South Korean officials took the comment as indicating North Korea was abandoning its earlier position, in which it had rejected Mr Hwang's defection as "inconceivable and impossible." Right after his defection, North Korea accused South Korea of kidnapping him and threatened to retaliate. Mr Hwang, 73, a key Communist theoretician, was once the tutor of the North Korean leader, Kim Jong Il.
Yesterday's comment "seems to imply that North Korea will accept it if independent parties, like the UN High Commissioner for Refugees, rule that Hwang is a political defector," said Kang Ho Yang, spokesman for South Korea's Unification Ministry.
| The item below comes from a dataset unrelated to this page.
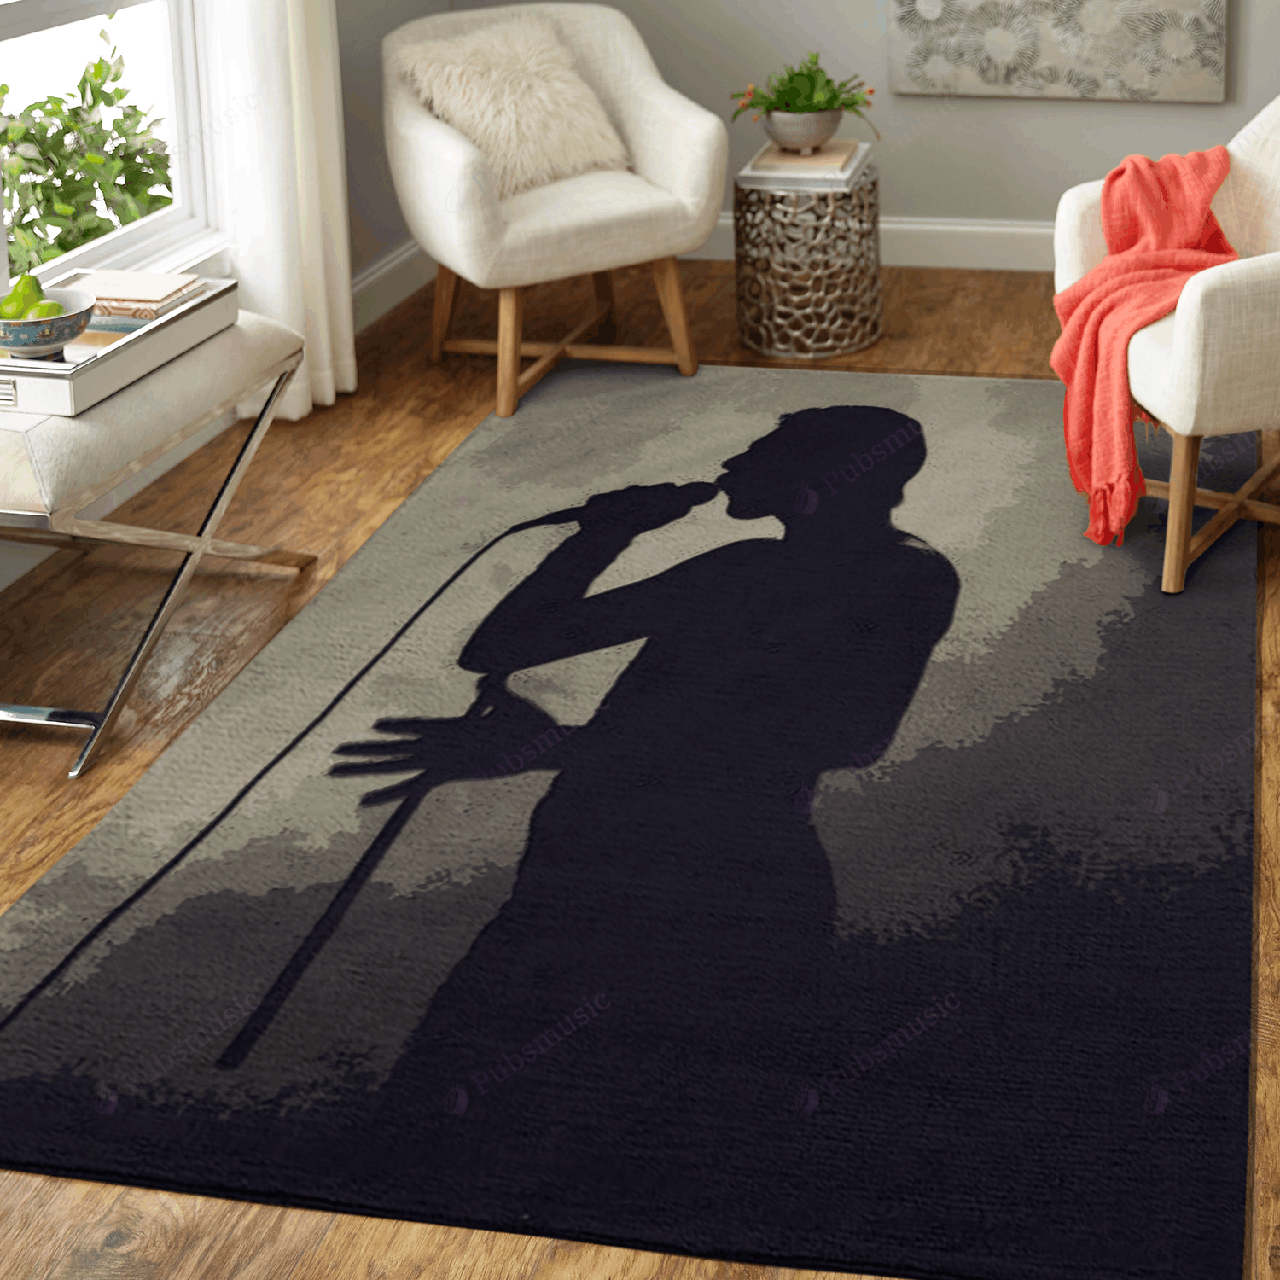 Freddie Mercury 12 – Music Artist Art For Fans Area Rug Carpet

The North Korean spokesman told the official news agency that the North asked China to investigate Mr Hwang's "disappearance."
His comment was the first sign of a possible breakthrough in the stand- off at South Korea's consulate in Peking, where the North Koreans had been keeping a vigil.
In deciding whether to allow Mr Hwang to proceed to South Korea, China faces a dilemma. It does not want to infuriate North Kore. But China also has diplomatic ties with Seoul and wants to encourage commercial ties. In Peking, China kept silent yesterday on Mr Hwang's fate, while police guarded the South Korean consulate.